La CEMAC est née en 1995 dans les décombres de la dévaluation du Franc CFA. Presque au même moment que l’UEMOA, constituée en 1994 et portant encore aujourd’hui le stigmate du traumatisme monétaire qui a frappé les anciennes colonies françaises d’Afrique au milieu des années 90. Il semble que, 20 ans après ce big bang, les deux sous zones ont pu se constituer un bel espace monétaire avec, cependant, peu d’échanges. Et c’est là le problème.
Certes, comparaison n’est pas raison ! Mais de prime abord, la CEMAC, plus riche sur le papier en raison de ses ressources pétrolières et minières, accuserait un immense retard par rapport à sa grande sœur, l’UEMOA, réputée bonne élève en matière d’intégration. En effet, les citoyens des huit pays membres peuvent circuler librement à l’intérieur de la zone avec une simple carte d’identité. Pendant ce temps, le passeport et le visa sont de rigueur en zone CEMAC. Dans le fond, les opérateurs économiques des deux zones font face aux mêmes entraves et barrières non tarifaires pour déplacer un camion ou un bateau d’un pays vers l’autre.
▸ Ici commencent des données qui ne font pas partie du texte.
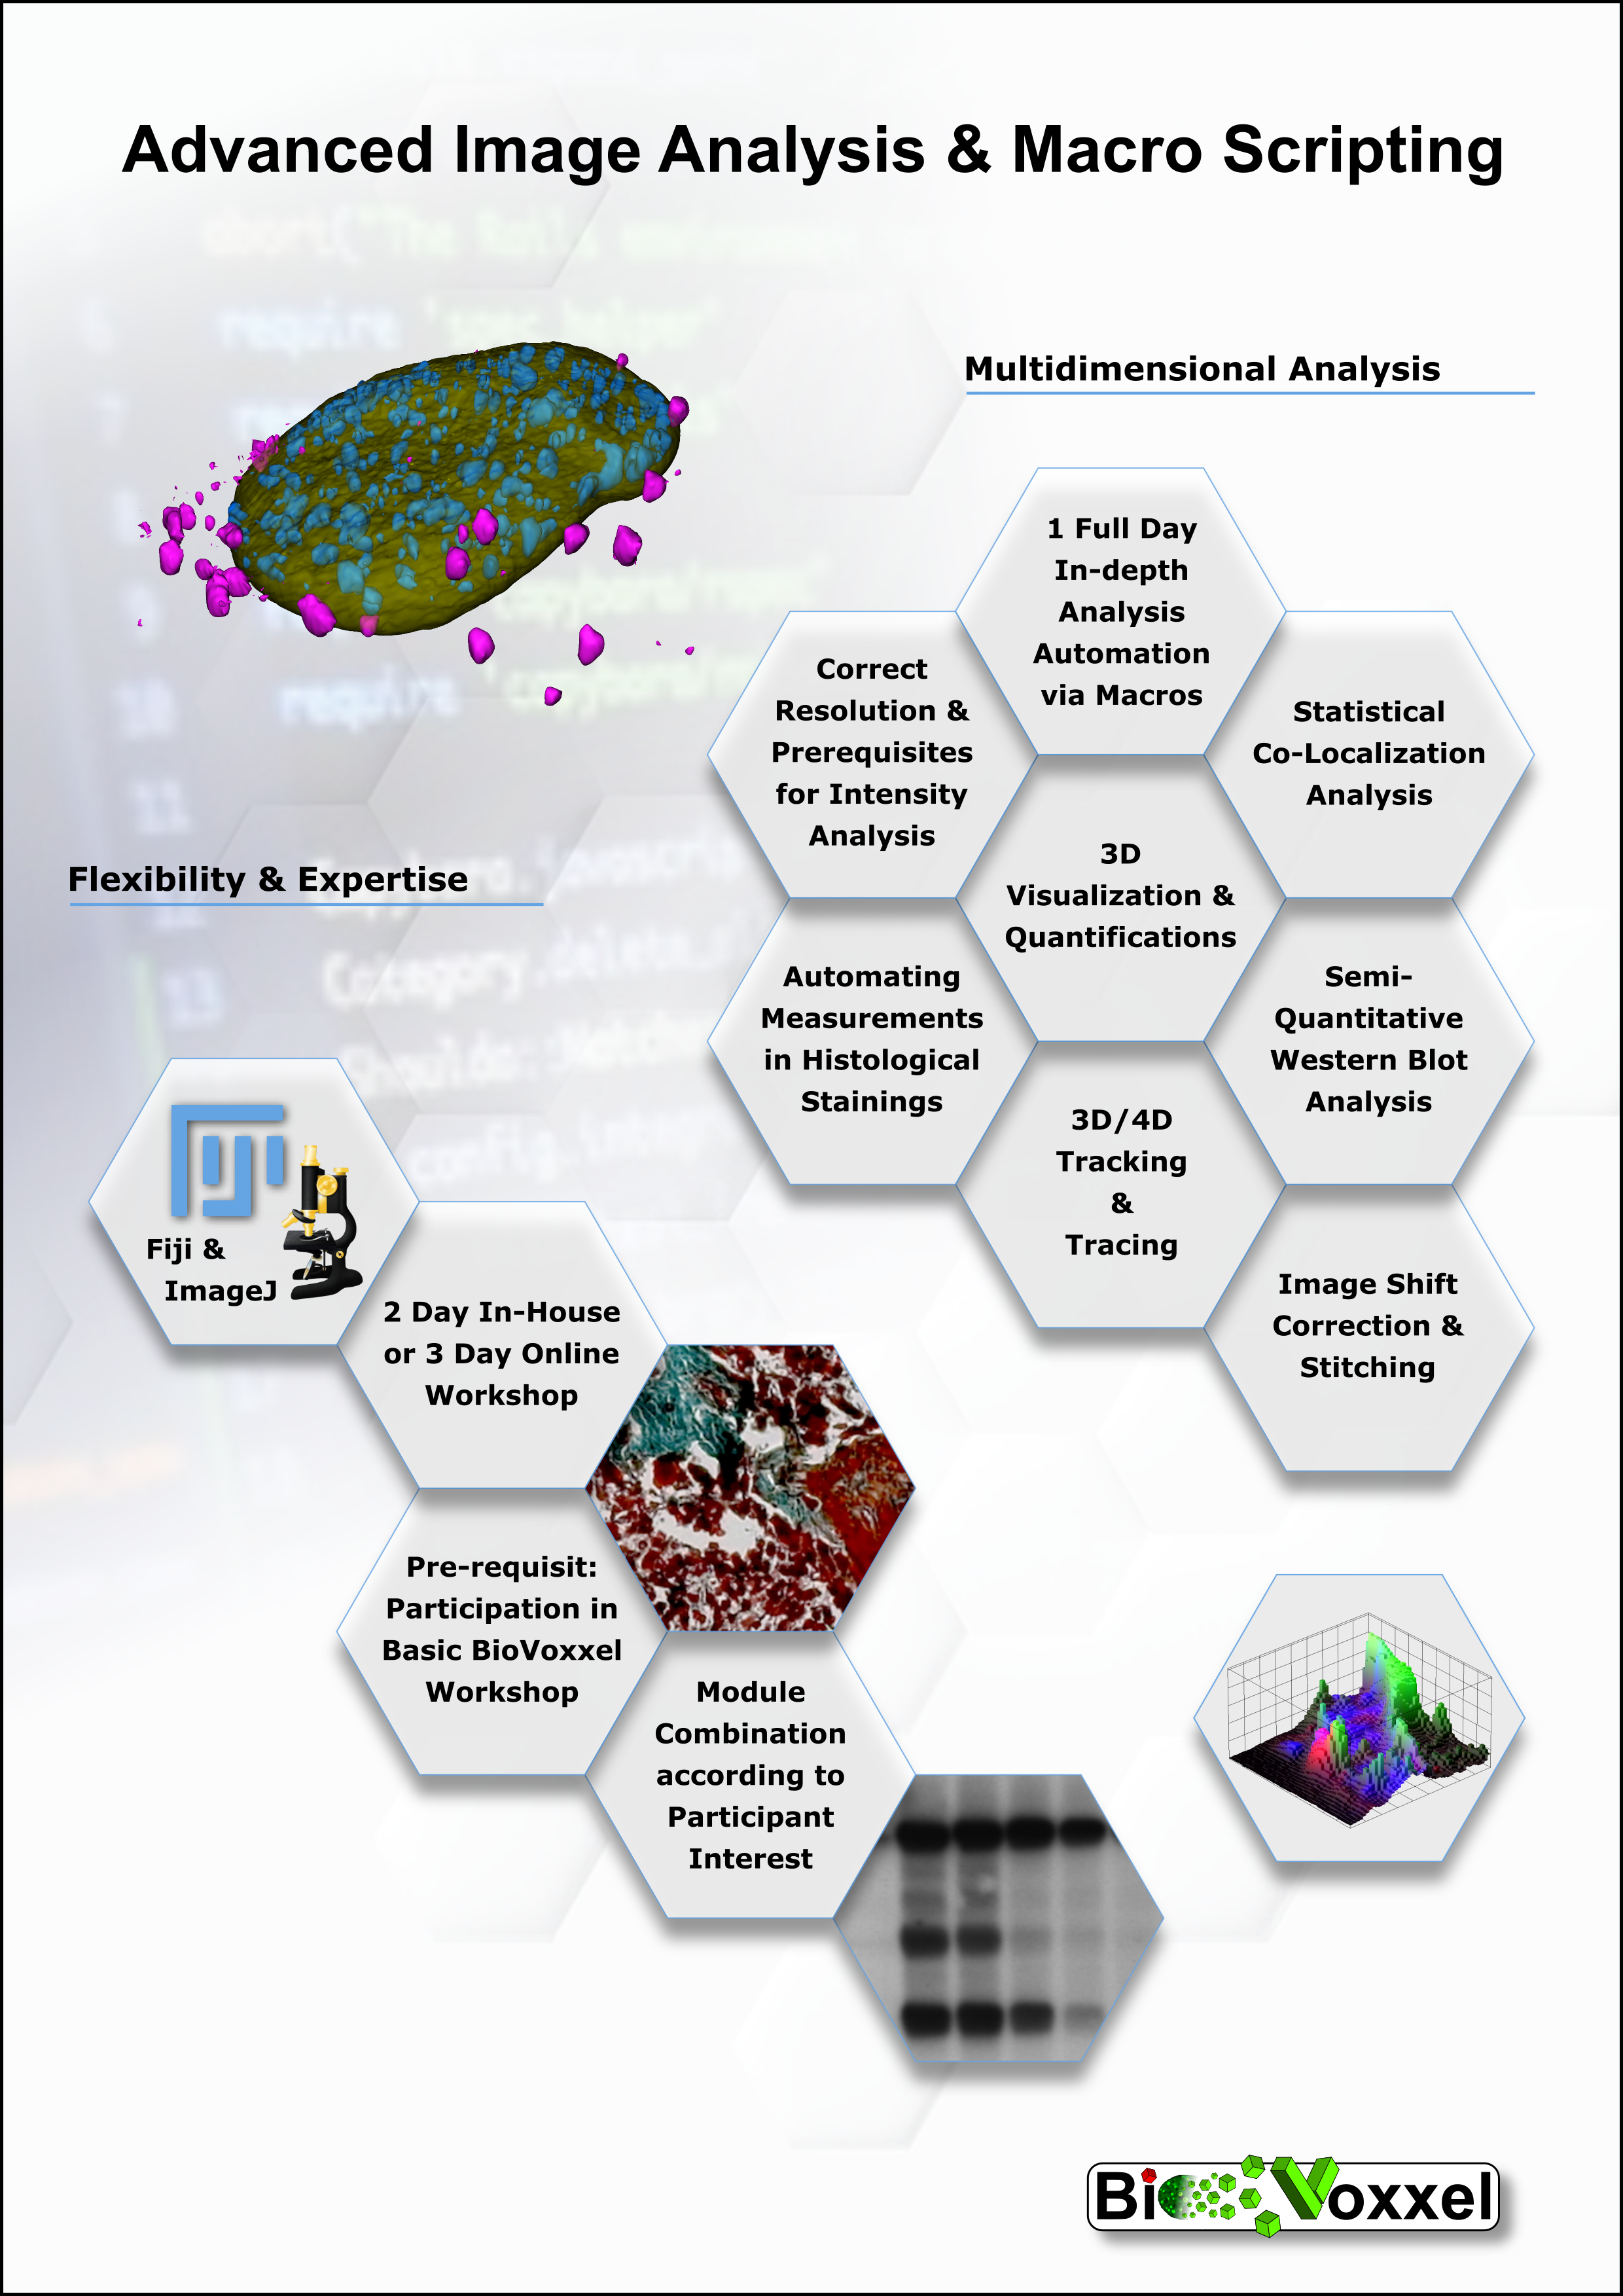 BioVoxxel Workshop - Macro Scripting and Advanced Image Analysis

Les frais d’escorte sur le corridor Dakar-Bamako limitent les retombées escomptées de toutes les convenions bilatérales et communautaires entre le Sénégal et le Mali.
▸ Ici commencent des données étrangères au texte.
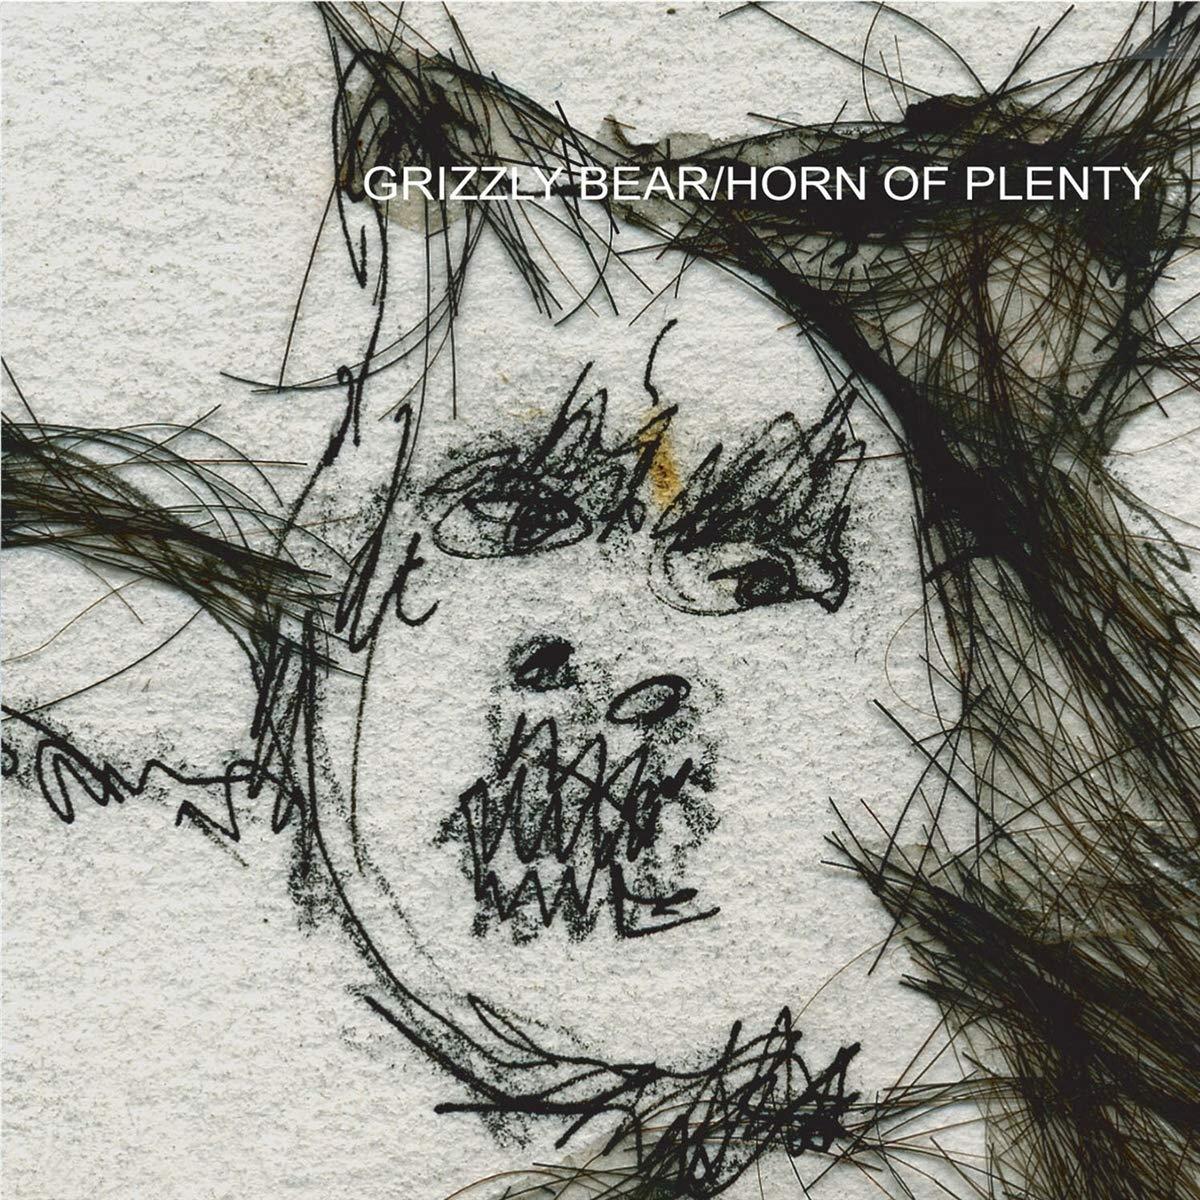 Grizzly Bear - Horn of Plenty [LTD LP]

Ainsi, pendant que le port d’Abidjan se repositionne avec le système de balises permettant le suivi des camions d’Abidjan à Bamako (1000KM), le port de Dakar évolue dans une approche de maximisation des taxes qui ne va pas dans le même sens qu’un encouragement des échanges commerciaux.
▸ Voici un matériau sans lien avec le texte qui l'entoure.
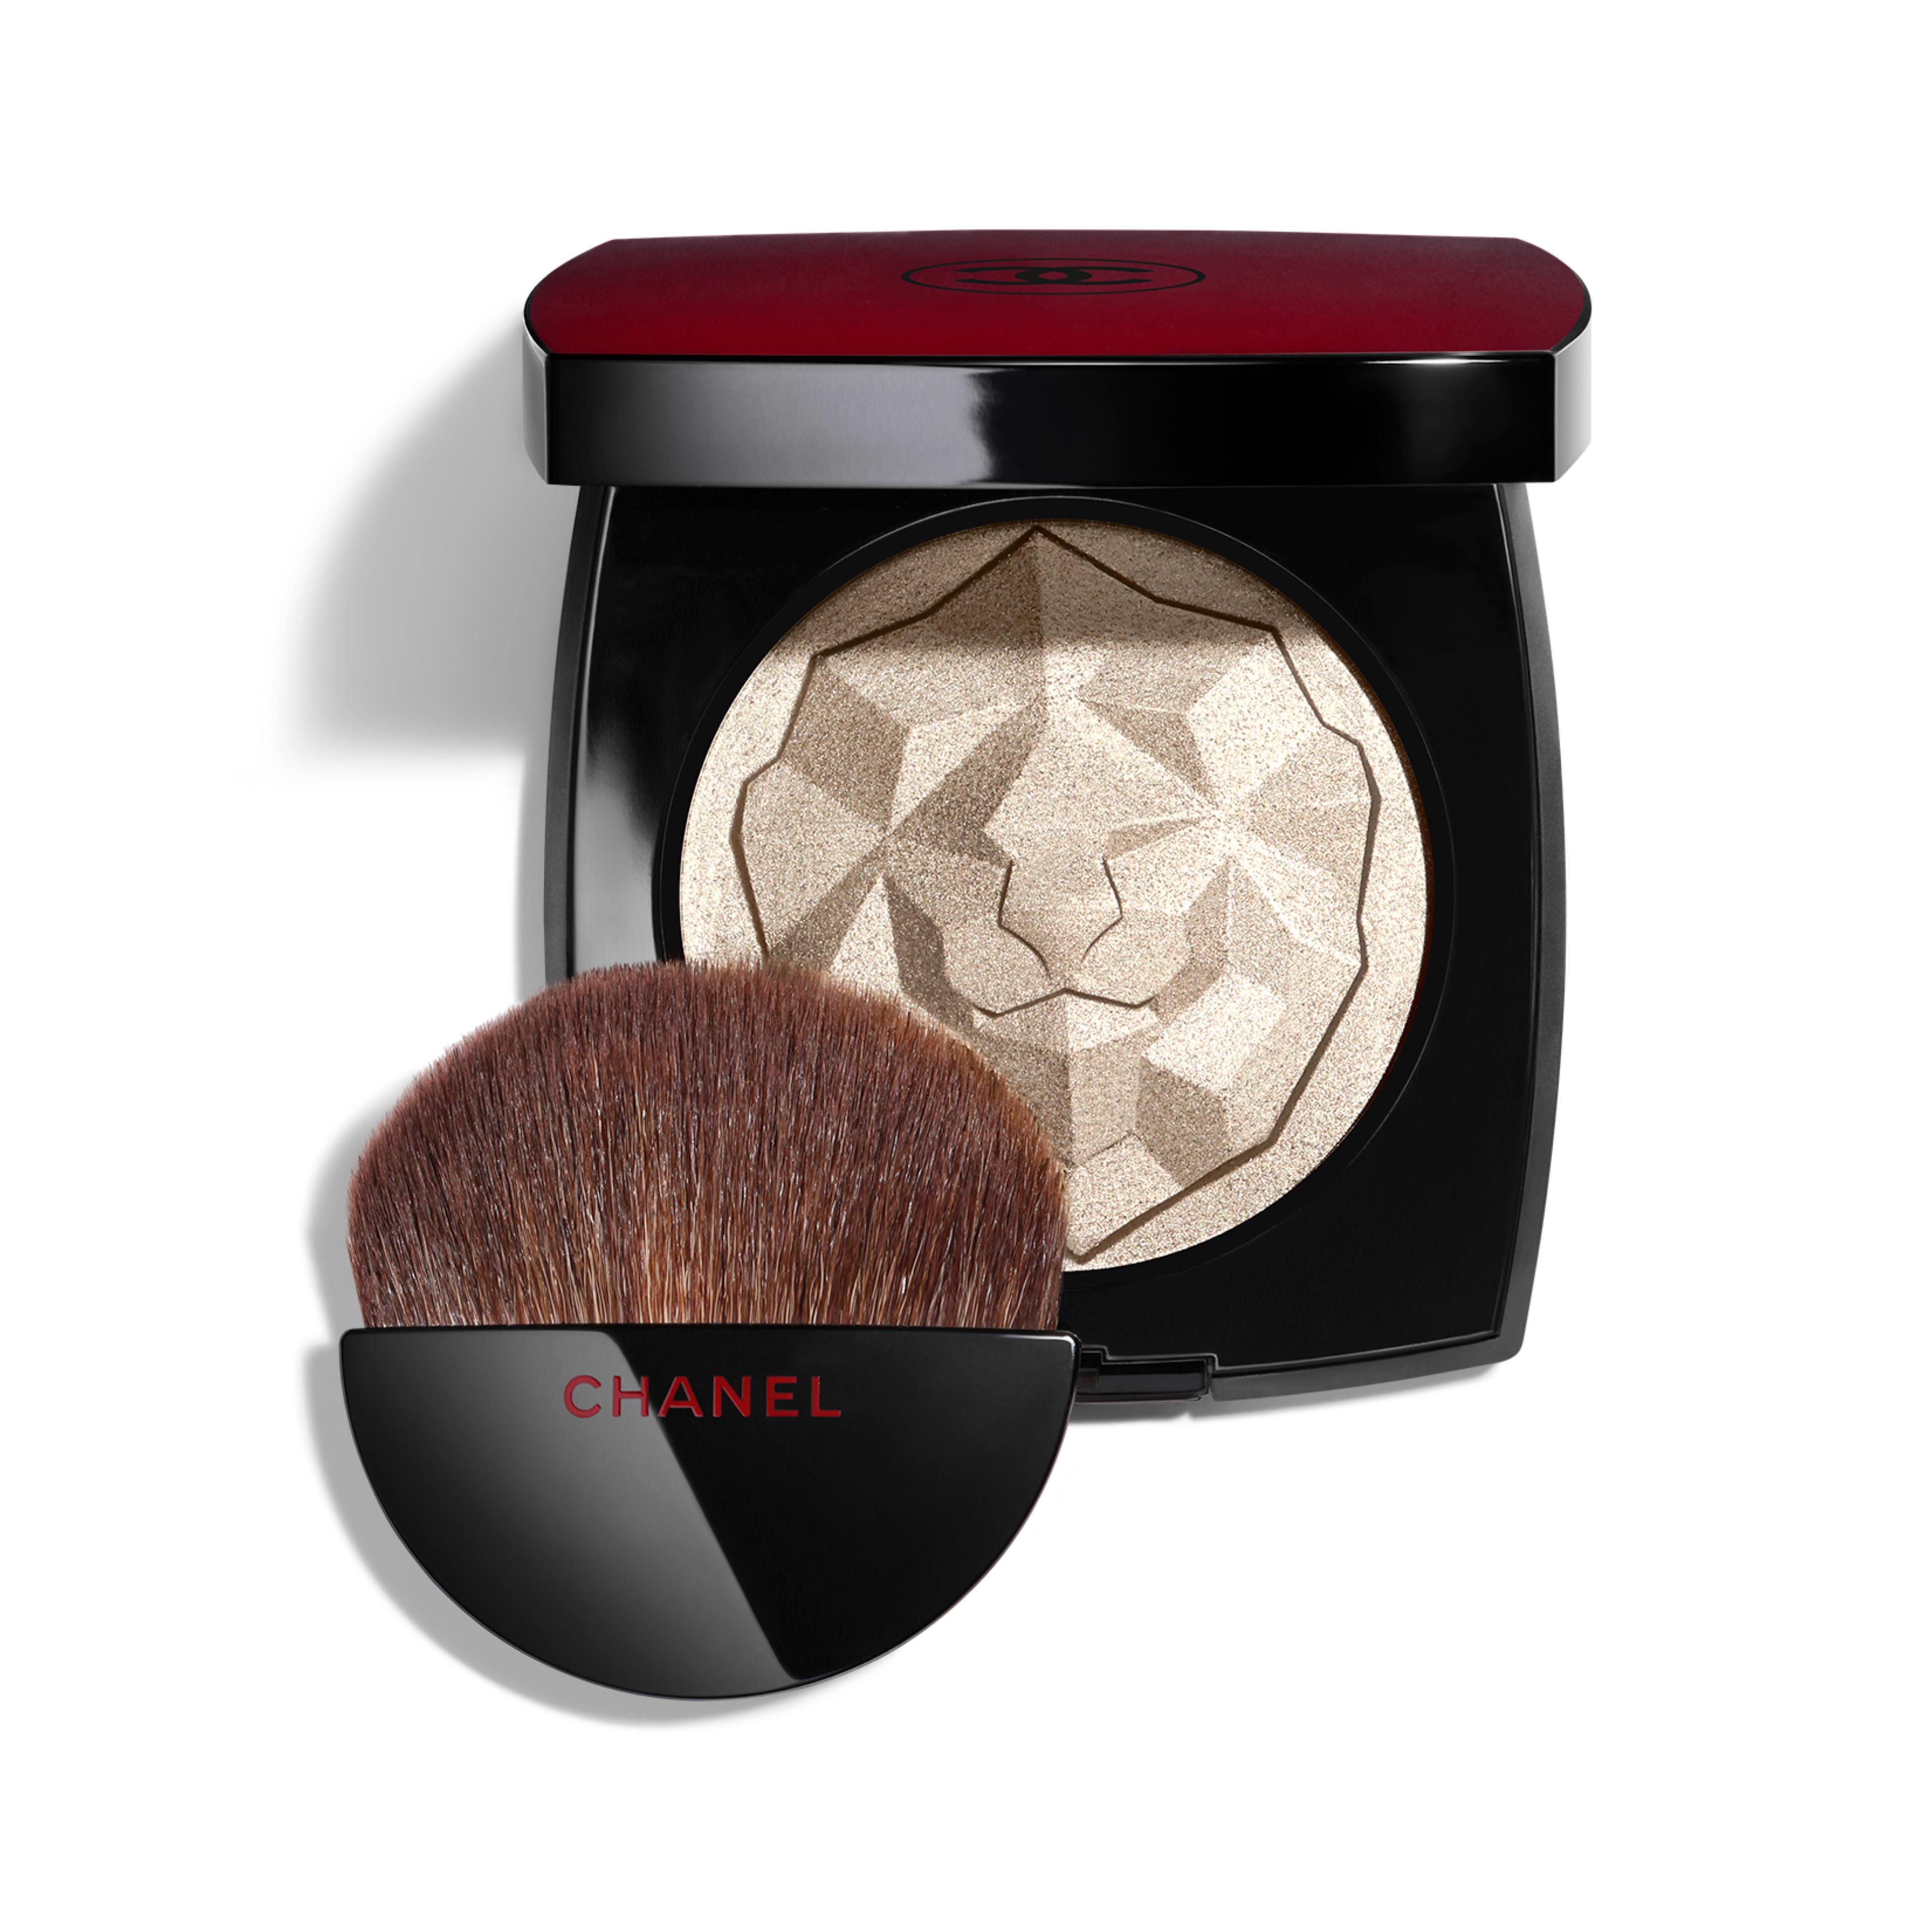 d87698158851 POUDRE À LÈVRES Lip Balm And Powder Duo 410 - ROSSO POMPEIANO | CHANEL

En réalité, c’est la structure des recettes budgétaires des pays de l’UEMOA comme ceux de la CEMAC (35% de leurs recettes proviennent de la Douane) qui constitue le premier facteur d’inertie expliquant la faiblesse de leurs échanges. Il faut noter que dans la zone UEMOA, les échanges commerciaux représentaient environ 11,3% des échanges globaux en 2013. C’est un peu plus que la CEMAC où ils se chiffraient à moins de 8% des échanges commerciaux globaux en 2010. Cette faiblesse du commerce intra-communautaire, en zone CEMAC comme en zone UEMOA, est imputable aux différents facteurs tels que les tracasseries administratives que subissent les opérateurs économiques durant le transport des marchandises d’un pays à l’autre de la sous-région. «Il faut, expliquait Thibaud de Lardemelle, directeur général de Necotrans-Congo, lors de la réunion de l’Union des chargeurs africains en 2015 à Brazzaville, quelque «23 jours, 21 documents et 28 signatures pour un conteneur transitant par Pointe-Noire contre «trois jours et zeo signature en France». La bureaucratie n’est pas la seule entrave au commerce dans les pays de la zone Franc.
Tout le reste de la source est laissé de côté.